Few fathers tend to name their sons after motor cars, but it does happen.
There’s Scots comic actor Ford Kiernan. I once met a little boy called Land Rover Johnson. An African pal at university had a brother called Jaguar, named after the car.
However, it seems Mr Button senior did the right thing to call his son Jensen, as he went on to great success in Formula One.
Brothers Alan and Richard Jensen, although they had a fraught, up-and-down existence, can be seen as major figures in the UK car-making scene.
Over the decades, working for many firms but mainly under their own name in West Bromwich, they designed and manufactured every type of vehicle.
These included lorries, light commercials and buses, plus sporty, special-bodied versions of many cars—such as Austins, Wolseleys and Standards. During the 1939-45 war they made tank turrets and post-war they built Austin-Healeys, Jensen-Healeys, the Austin Gypsy (a short-lived rival to the Land Rover) and the sporty Volvo P1800, until production moved to Sweden.
However, Jensen’s repute stems from their post-war sports cars, mainly powered by six-litre US Chrysler V8 engines. Their fibreglass-bodied 541 and later CV8 and FF models (one of the first road cars with four-wheel drive and early ABS braking) are all sought-after by enthusiasts today.
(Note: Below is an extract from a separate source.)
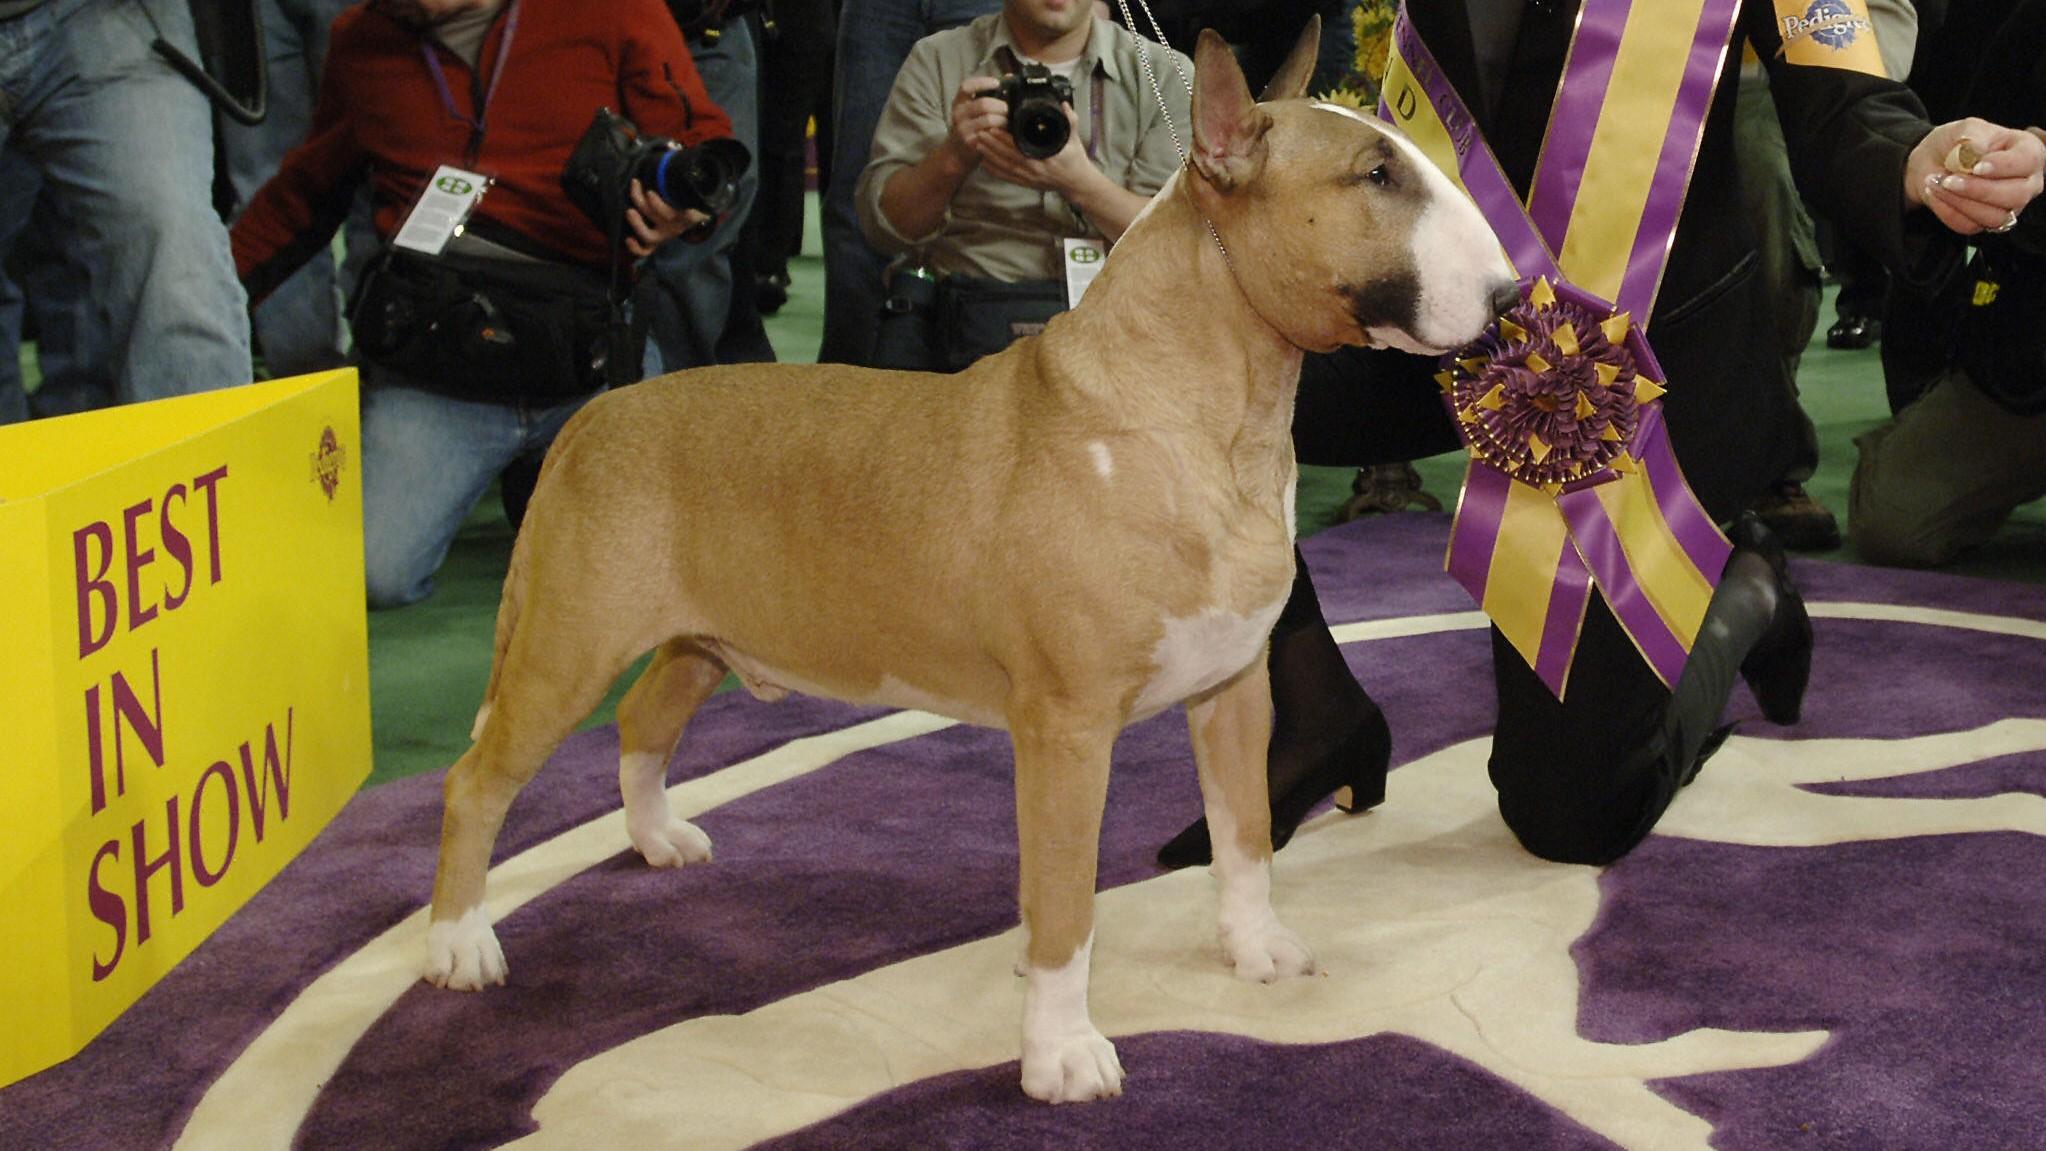 Westminster-Dog-Show-060821-GETTY-FTR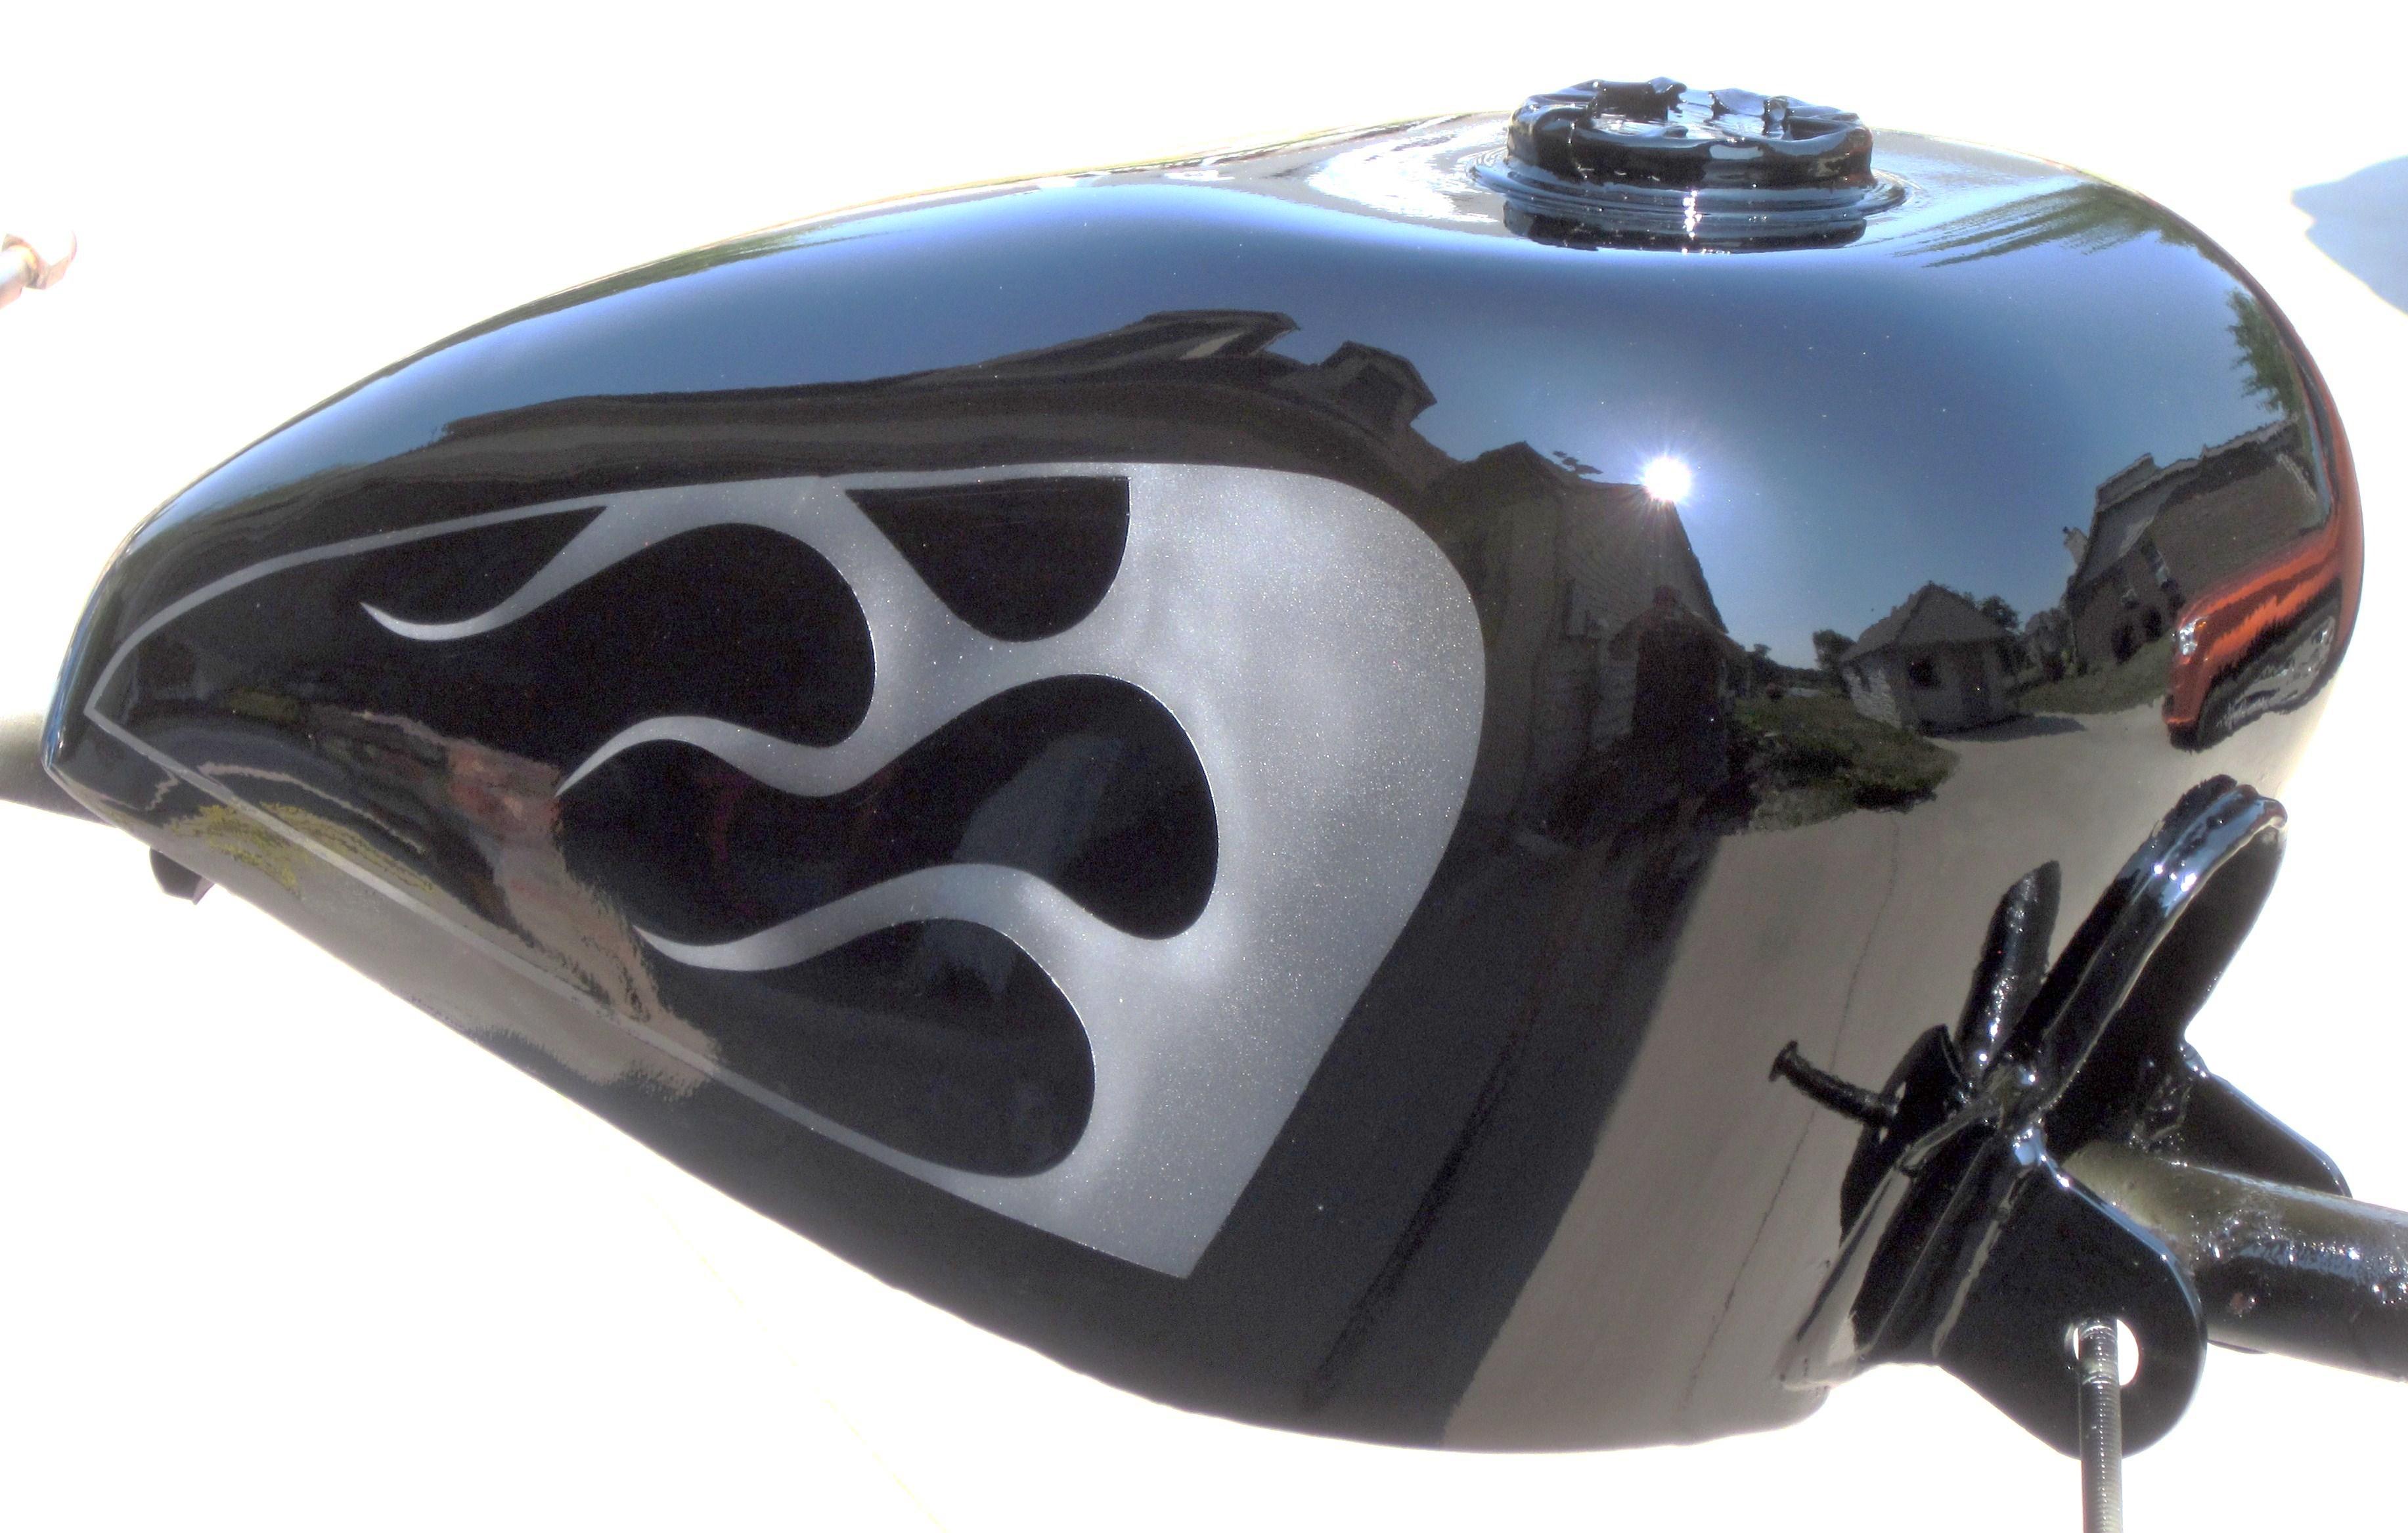 Click image for larger version  Name:bike, tank, paint gun 015.JPG Views:124 Size:1.05 MB ID:66202

Best-remembered is the early-1970s Interceptor, whose eye-catching bodywork, designed by Carrozzeria Touring of Italy, included a huge sloping, lift-up rear window—arguably, the first liftback.
However, the company had its share of troubles. Inevitably, the cars were expensive and sales often failed to match output.
Ownership and top management changed several times, and the 1960s and 70s were years of car industry strife from which Jensen was not immune.
The Jensen brothers left and the car-making firm folded in 1976, although small firms to source and supply spares remained.
Since then several attempts to revive Jensen production, including at Speke, Liverpool, and in the ex-Jaguar plant at Browns Lane, Coventry, have come and gone.
Advanced Jensen prototypes have been designed. A new firm which will totally restore and technically update older cars has been mooted.
As long as the power of the name remains, Jensens may again roll off the assembly line. It just needs someone to press the right Button.